I'm working on implementing a semantic segmentation network in Tensorflow, and I'm trying to figure out how to write out summary images of the labels during training. I want to encode the images in a similar style to the class segmentation annotations used in the Pascal VOC dataset.
For example, let's assume I have a network that trains on a batch size of 1 with 4 classes. The networks final predictions have shape [1, 3, 3, 4]
Essentially I want to take the output predictions and run it through argmin
to get a tensor containing the most likely class at each point in the output:
[[[0, 1, 3],
[2, 0, 1],
[3, 1, 2]]]
The annotated images use a color palette of 255 colors to encode labels. I have a tensor containing all the color triples:
[[ 0, 0, 0],
[128, 0, 0],
[ 0, 128, 0],
[128, 128, 0],
[ 0, 0, 128],
...
[224, 224, 192]]
How could I obtain a tensor of shape [1, 3, 3, 3]
(a single 3x3 color image) that indexes into the color palette using the values obtained from argmin
?
[[palette[0], palette[1], palette[3]],
[palette[2], palette[0], palette[1]],
[palette[3], palette[1], palette[2]]]
I could easily wrap some numpy and PIL code in tf.py_func
but I'm wondering if there is a pure Tensorflow way of obtaining this result.
EDIT:
For those curious, this is the solution I got using just numpy. It works quite well, but I still dislike the use of tf.py_func
:
import numpy as np
import tensorflow as tf
def voc_colormap(N=256):
bitget = lambda val, idx: ((val & (1 << idx)) != 0)

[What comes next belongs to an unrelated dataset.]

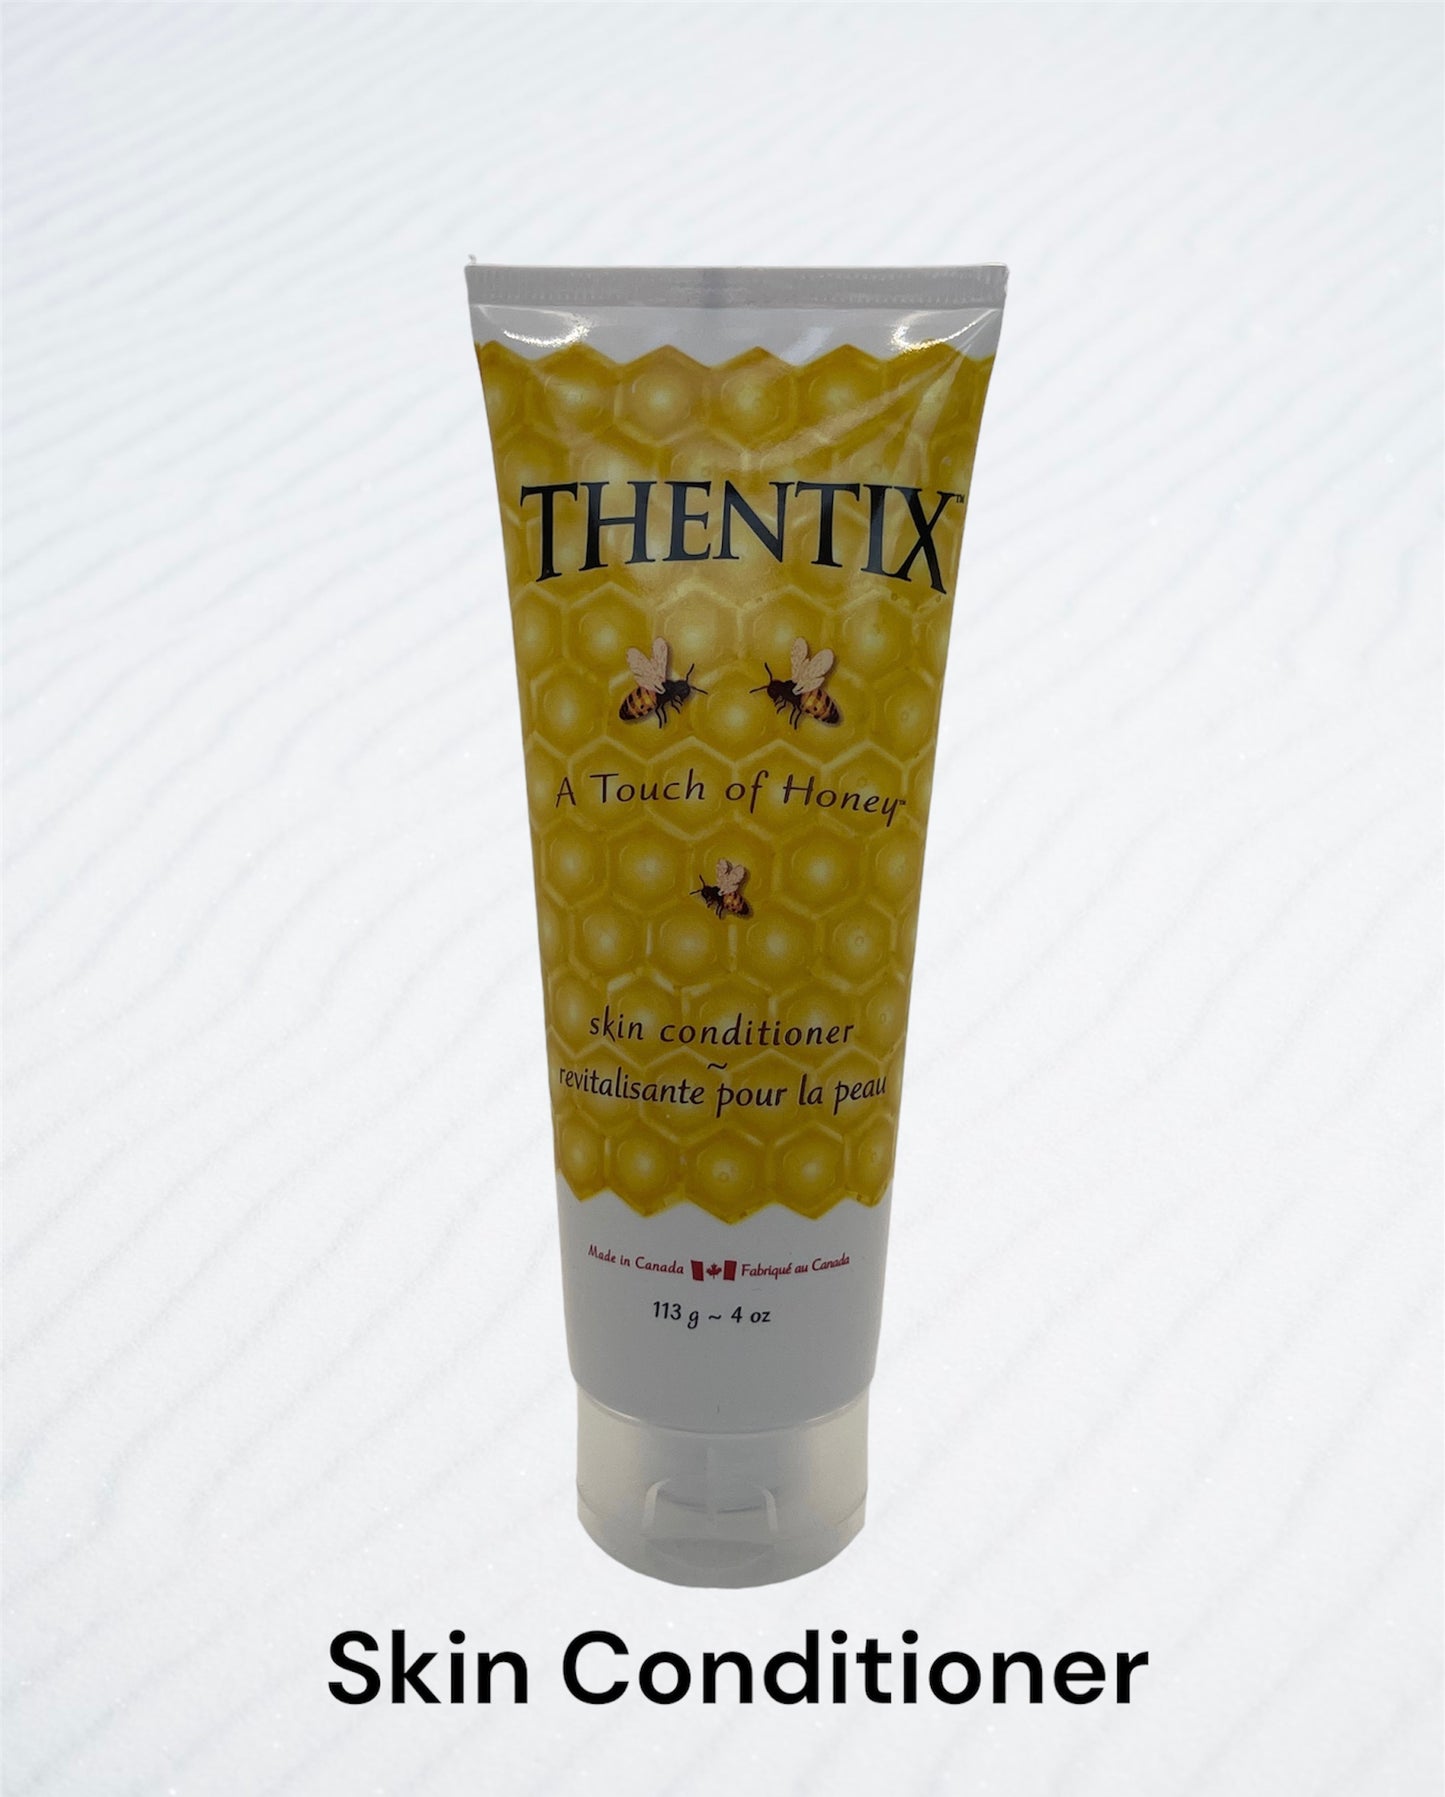 Thentix, A Touch of Honey Skin Conditioner

cmap = np.zeros((N, 3), dtype=np.uint8)
for i in range(N):
r = g = b = 0
c = i
for j in range(8):
r |= (bitget(c, 0) << 7 - j)
g |= (bitget(c, 1) << 7 - j)
b |= (bitget(c, 2) << 7 - j)
c >>= 3
cmap[i, :] = [r, g, b]
return cmap
VOC_COLORMAP = voc_colormap()
def grayscale_to_voc(input, name="grayscale_to_voc"):
return tf.py_func(grayscale_to_voc_impl, [input], tf.uint8, stateful=False, name=name)
def grayscale_to_voc_impl(input):
return np.squeeze(VOC_COLORMAP[input])